The traditional cactus has graced cartoons and movies for as long as the medium has existed. The plant is usually tall, relatively thin, and coated in a painful layer of spines. Then there are these, a trio of plants that fall within the same family as cacti but would never lead you to believe they share anything in common with the traditional ones.
These curious plants may look unusual and alien, but they’re every bit as born of the Earth, popping up in the soils of regions all over.
At first glance, this cactus may look more like something you’d find along the ocean floor. Also known as Dancing Bones, Drunkard’s Dream, and Spice Cactus, the hatiora salicornioides sports a bushel of stems that average 1.2” long. Earning the cactus the nickname Dancing Bones is the appendage-like appearance of each stem, which is topped off with a bright yellow flower. The colorful ornament that sits atop each finger blooms at least once a year, but it can sometimes emerge a second time if the conditions are right.
When placed in indirect light, the Drunkard’s Dream should thrive, so long as the soil is well-drained. In the wild, hatiora salicornioides is found growing out of tree trunks, with the occasional seedling found breaking through rocky ground. Expect to find these unusual cacti in abundance during the spring.
It’s easy to see where the rounded discocactus got its name, and the coloring of the discocactus ferricola further emphasizes its features. Found primarily near the border of Bolivia and Brazil, discocactus ferricola grow on flat outcrops, often in soil rich with iron and manganese. Regions rich with cerrado vegetation and forestry may also see an uptick in growth of this unusual-looking plant.
The blooming of the discocactus ferricola is an intriguing process that starts with the production of a wooly structure from which white flowers grow. When it blooms during summer, discocactus ferricola has a sweet aroma that emanates from the tubular flowers.
Unlike many cacti, the half-inch spines curve outward from the center of individual areoles. It’s these areoles that make the discocactus ferricola look segmented, much like the shimmering panels of a disco ball.
When you think of a cactus, you likely picture a rigid, spiny plant growing straight up from the ground. Epiphyllums are quite a bit different from the norm and have the appearance of an emerald green hanging plant you’d find in a greenhouse. You may also assume that all cacti are found in desert environments, but this hanging succulent grows in the tropics of Central and South America.
The jointed stems of epiphyllums grow upwards of 30 inches. In the wild, they grow among other vegetation, often feasting off of the rotting plants that surround it. Though it may sound parasitic, epiphyllums often have a positive impact on the vegetation around them. They won’t kill the plants they grow from and eat only dead plants and organic waste.
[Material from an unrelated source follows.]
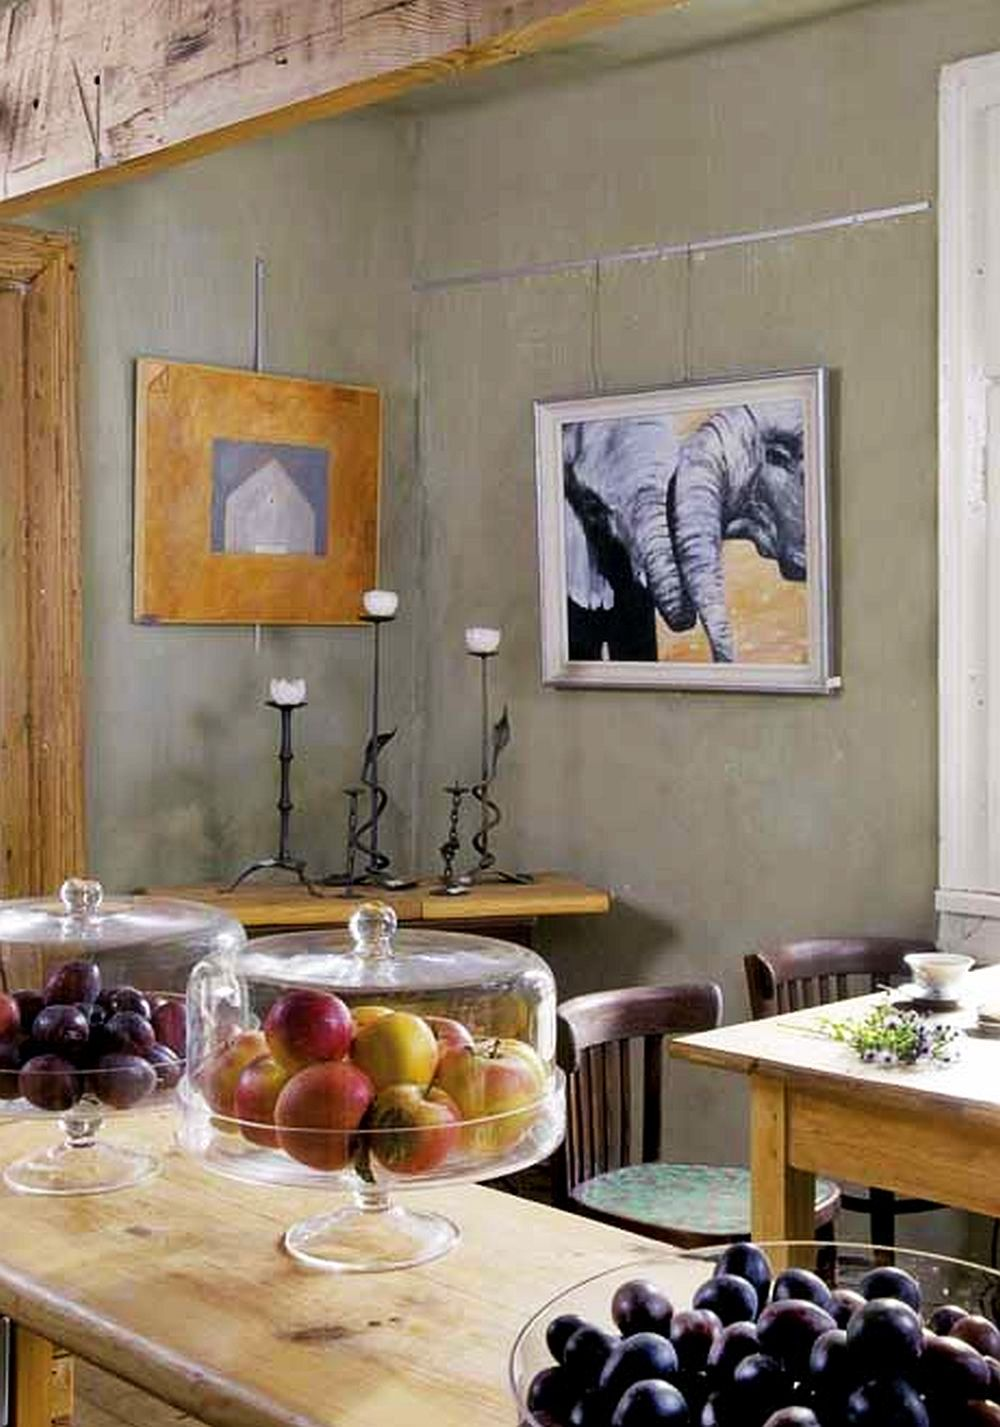 adelaparvu.com despre casa veche din lemn cu galerie de arta la tara, design Julita si Paul Sander, Foto Marek Szymanski (2)

Not only are epiphyllums attractive as a garden or house plant, but they are also known for growing an edible fruit said to taste like passion fruit.
Succulents and Cacti
A succulent is a plant that stores water in its stems, leaves or roots, much like what cacti do to survive. Should someone talk about the succulent they have adorning their home for decoration, with only 60 different plant families that are also succulents, you can venture a guess that it may be a cactus. Just remember, a cacti is always a succulent, but a succulent is not always a cacti.